Why use managed identities?
As discussed in our previous blog, managed identities significantly enhance security by replacing long-term credentials, such as client secrets, with short-lived tokens. This approach minimizes the risk associated with compromise due to a token's brief lifespan and narrowly defined permissions. A further benefit is the reduction in operational overhead, as they eliminate the need for manual management and rotation of secrets, keys, and certificates.
How to use managed identities
To use managed identities for an Azure Red Hat OpenShift cluster, you must create user-assigned managed identities for each Azure Red Hat OpenShift component and provide the proper role assignments over the required resources. Azure Red Hat OpenShift uses multiple user-assigned managed identities, each mapped to a particular operator or component. These identities are associated with a specific built-in role, with each role assignment scoped following the principles of least privilege. Once that is complete, you can use those in the creation of the cluster.

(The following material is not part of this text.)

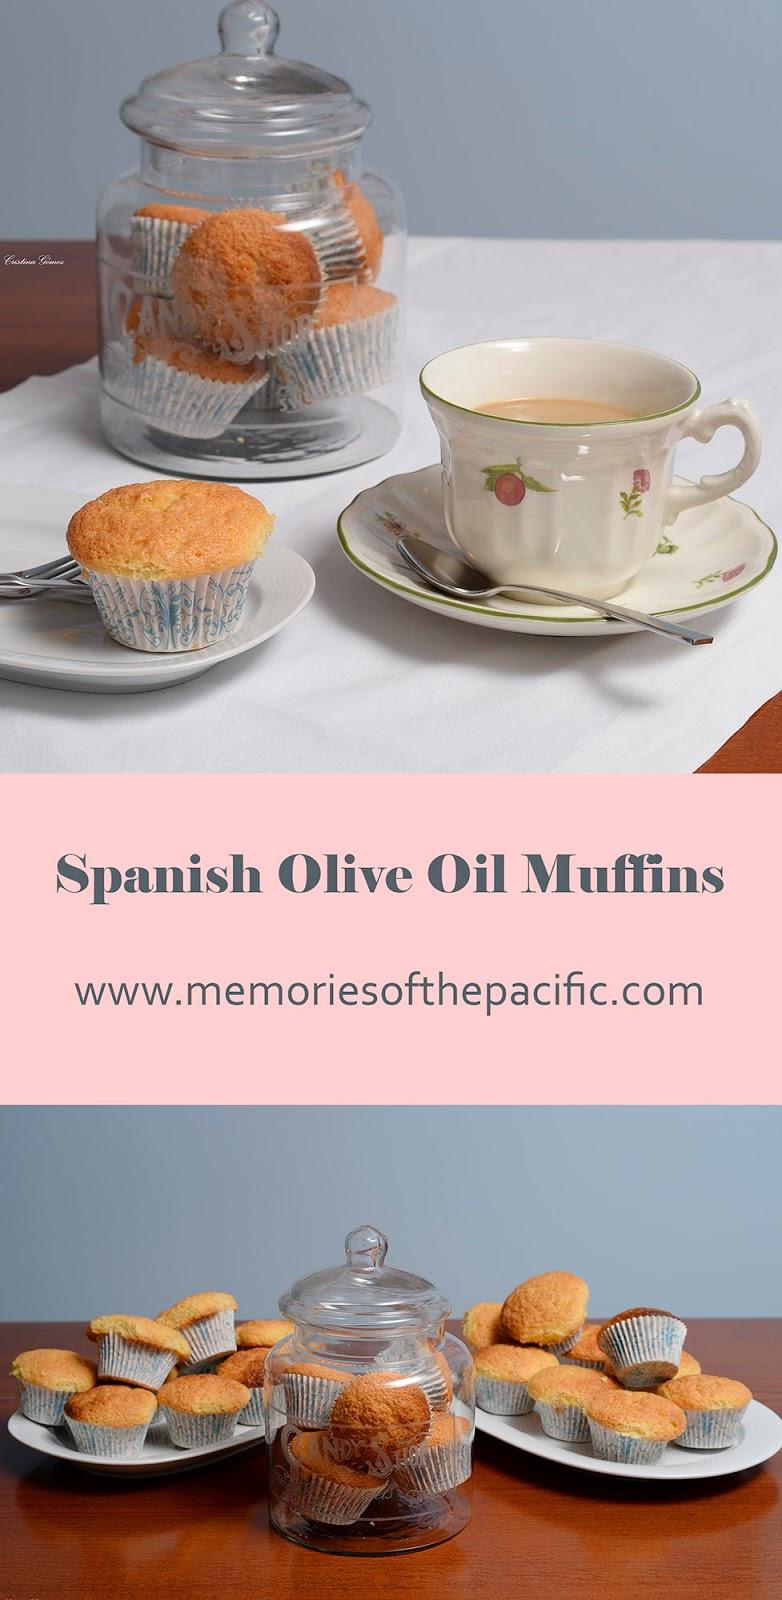 homemade muffins olive oil spanish magdalena casera

With the GA release, you can provision managed identity Azure Red Hat OpenShift clusters using Azure Resource Manager (ARM), Bicep, or the current command-line interface (CLI) extension. We will soon enable this capability natively in the Azure CLI and through the Azure portal. For a complete guide, read Understand managed identities in Azure Red Hat OpenShift.
Using identities for your applications
In this context we refer to it as “workload identities.” As per the Microsoft Azure documentation for What are workload identities?, it is described as “something you need for your software entity to authenticate with some system.” For an Azure Red Hat OpenShift cluster, you can use a user-assigned managed identity to enable your applications to access other Azure services.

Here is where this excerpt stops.